Correlation Between OBSERVE MEDICAL and Ultra Clean

Specify exactly 2 symbols:
Can any of the company-specific risk be diversified away by investing in both OBSERVE MEDICAL and Ultra Clean at the same time? Although using a correlation coefficient on its own may not help to predict future stock returns, this module helps to understand the diversifiable risk of combining OBSERVE MEDICAL and Ultra Clean into the same portfolio, which is an essential part of the fundamental portfolio management process.
By analyzing existing cross correlation between OBSERVE MEDICAL ASA and Ultra Clean Holdings, you can compare the effects of market volatilities on OBSERVE MEDICAL and Ultra Clean and check how they will diversify away market risk if combined in the same portfolio for a given time horizon. You can also utilize pair trading strategies of matching a long position in OBSERVE MEDICAL with a short position of Ultra Clean. Check out your portfolio center. Please also check ongoing floating volatility patterns of OBSERVE MEDICAL and Ultra Clean.

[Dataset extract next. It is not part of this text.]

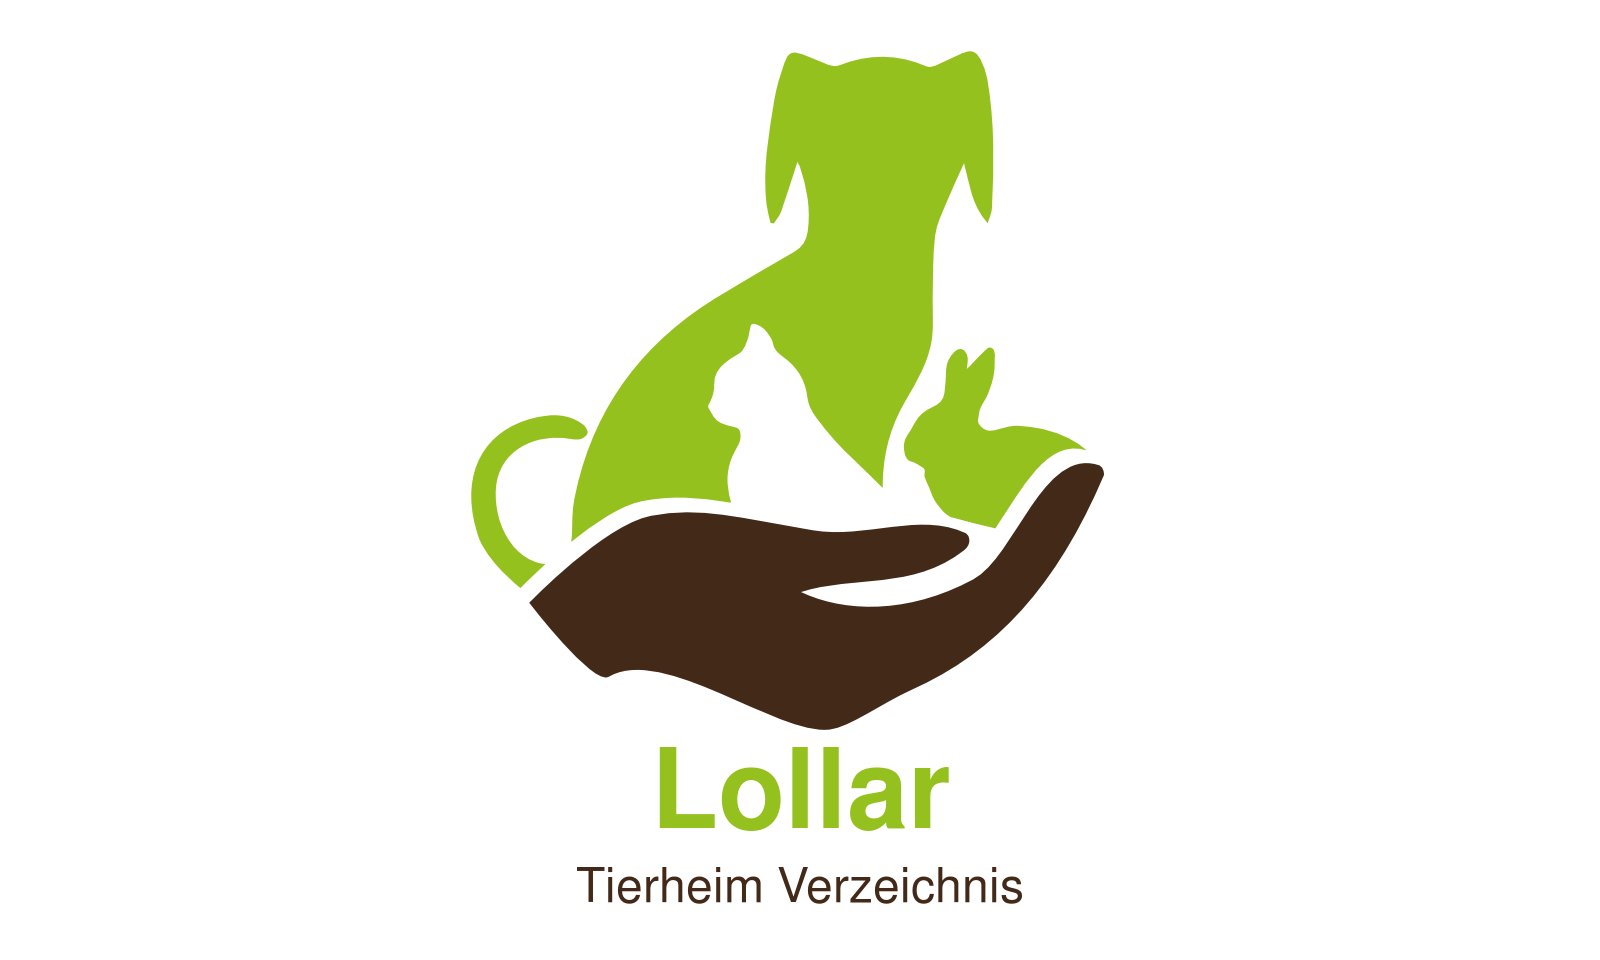 Tierheim Lollar

Diversification Opportunities for OBSERVE MEDICAL and Ultra Clean

0.44
  Correlation Coefficient

Very weak diversification

The 3 months correlation between OBSERVE and Ultra is 0.44. Overlapping area represents the amount of risk that can be diversified away by holding OBSERVE MEDICAL ASA and Ultra Clean Holdings in the same portfolio, assuming nothing else is changed. The correlation between historical prices or returns on Ultra Clean Holdings and OBSERVE MEDICAL is a relative statistical measure of the degree to which these equity instruments tend to move together. The correlation coefficient measures the extent to which returns on OBSERVE MEDICAL ASA are associated (or correlated) with Ultra Clean. Values of the correlation coefficient range from -1 to +1, where. The correlation of zero (0) is possible when the price movement of Ultra Clean Holdings has no effect on the direction of OBSERVE MEDICAL i.e., OBSERVE MEDICAL and Ultra Clean go up and down completely randomly.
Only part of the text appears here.